Transcribe only what runs from the line containing "Deep blue open water" through the final line below, exactly, and leave every picture out.

> [Data block]:

######

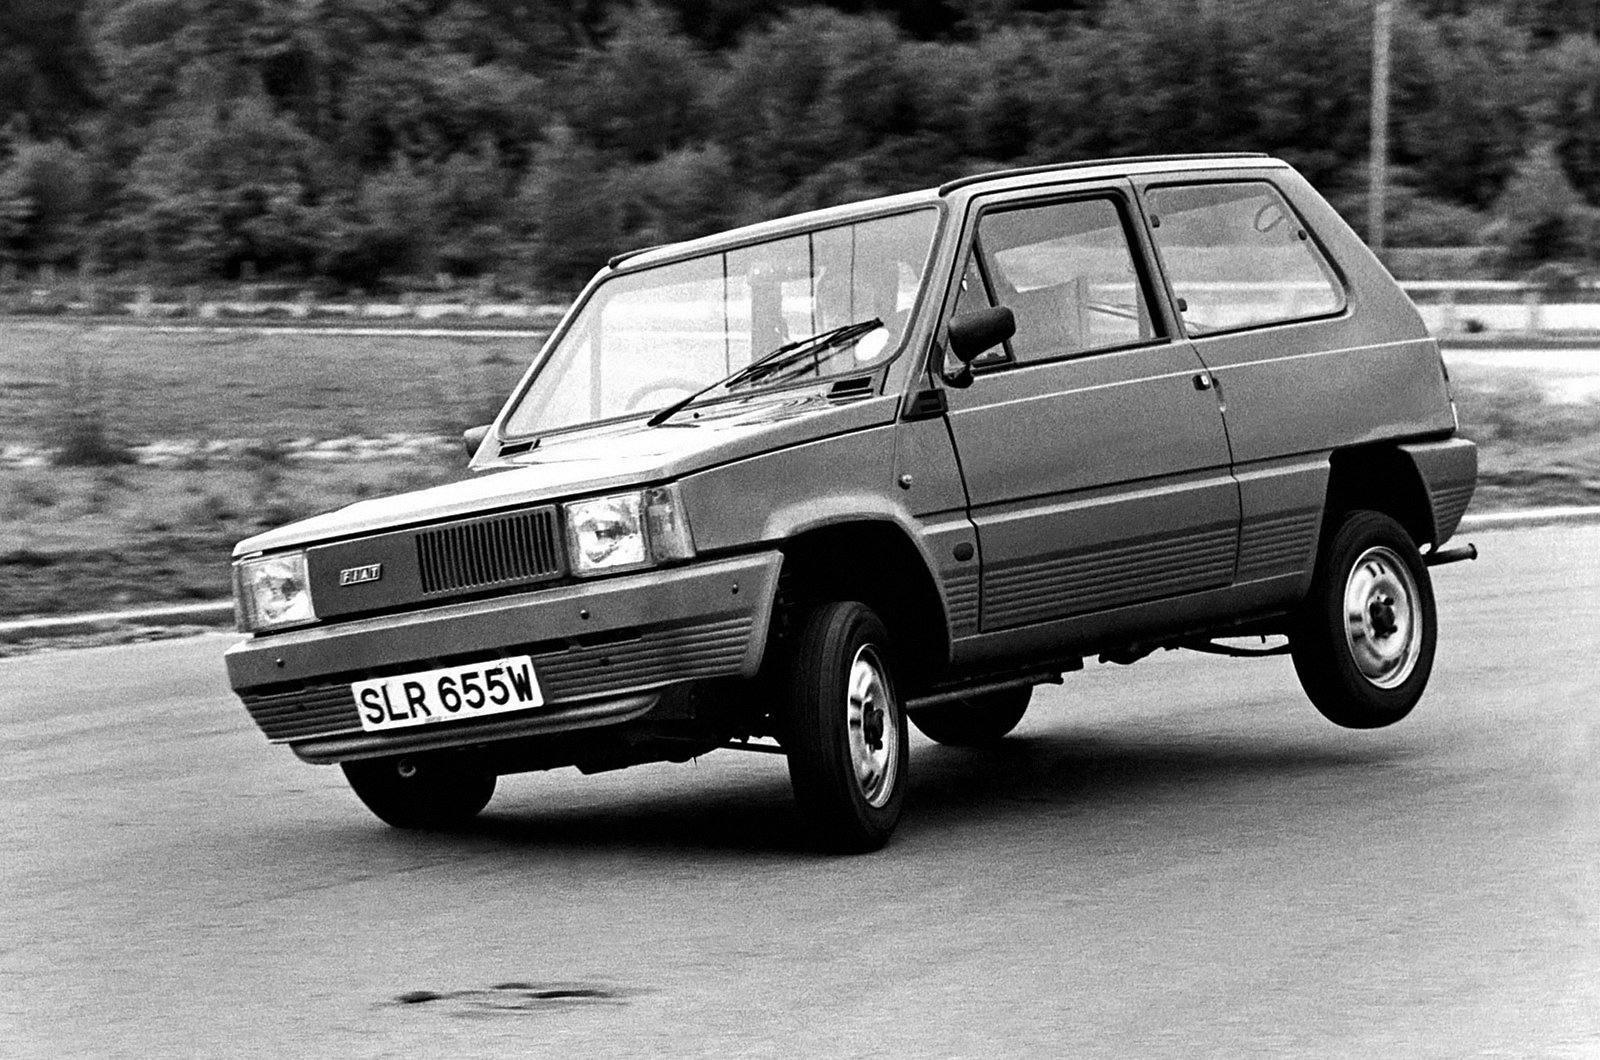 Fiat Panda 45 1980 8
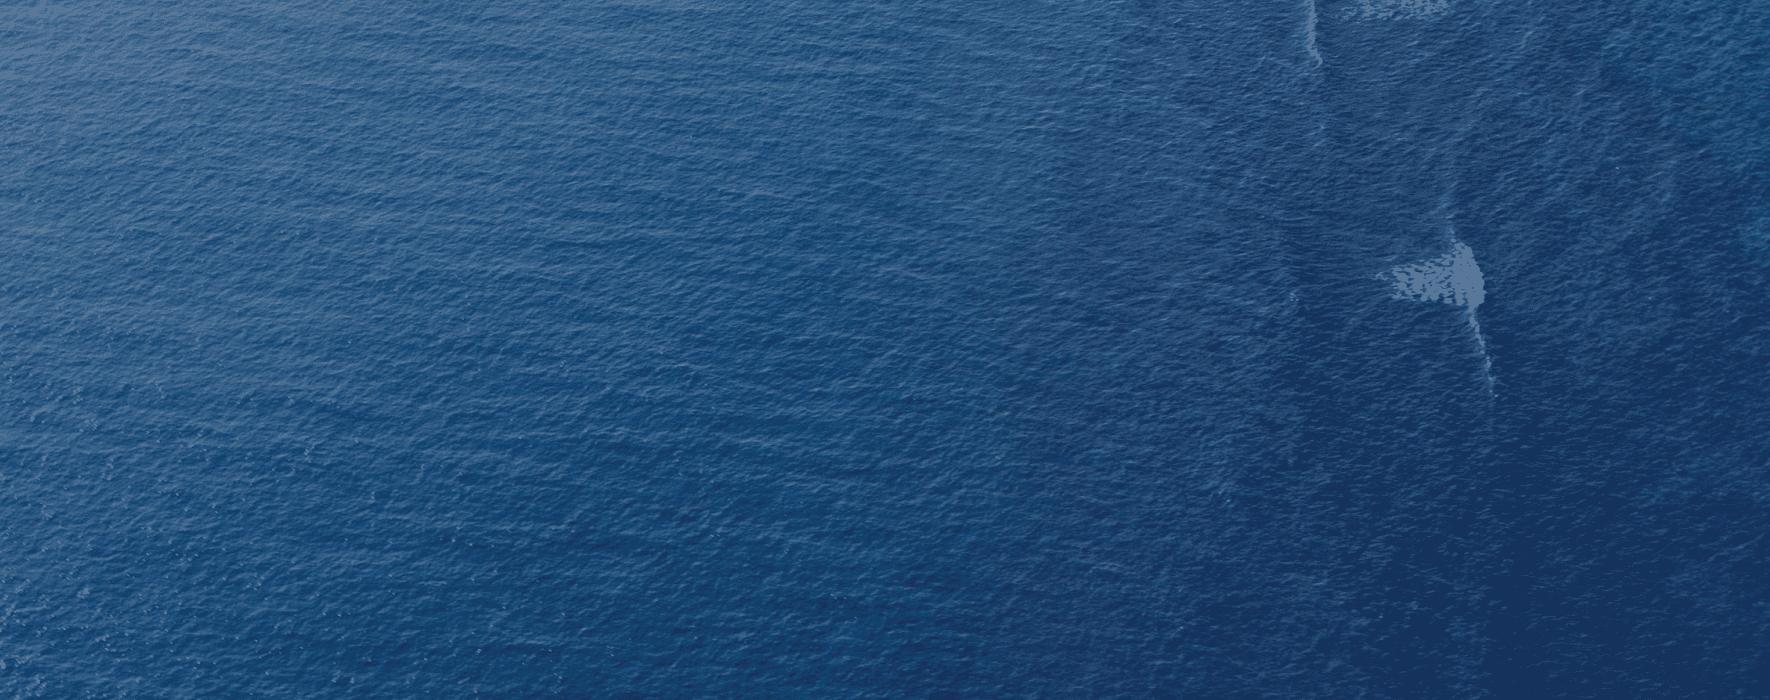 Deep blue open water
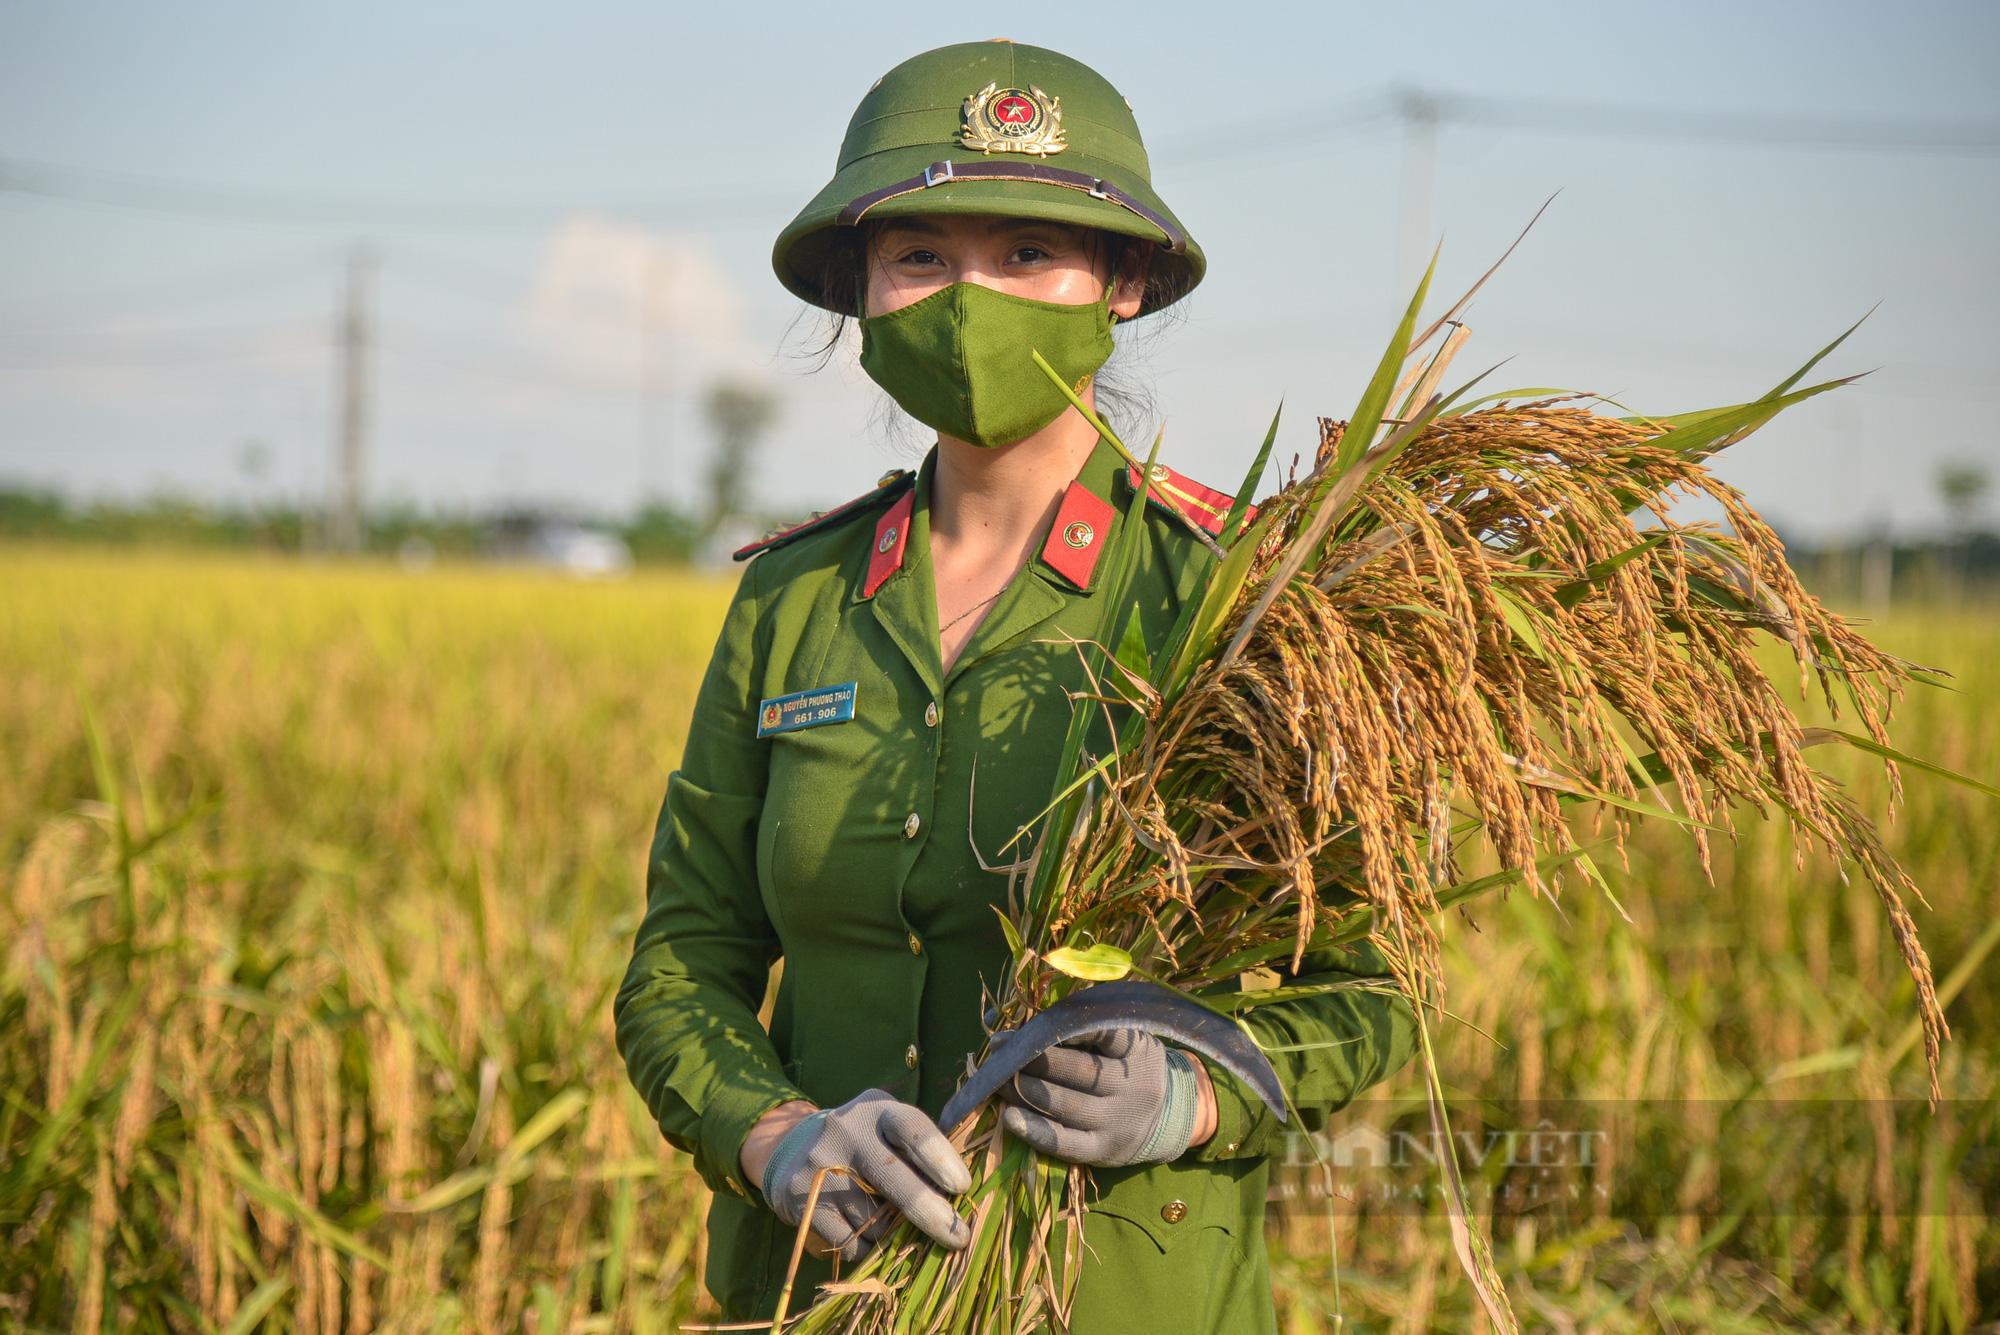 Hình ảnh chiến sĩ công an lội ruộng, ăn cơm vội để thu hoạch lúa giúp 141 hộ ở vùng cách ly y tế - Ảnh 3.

######

> [Answer to the problem]:
 Deep blue open water
 Hình ảnh chiến sĩ công an lội ruộng, ăn cơm vội để thu hoạch lúa giúp 141 hộ ở vùng cách ly y tế - Ảnh 3.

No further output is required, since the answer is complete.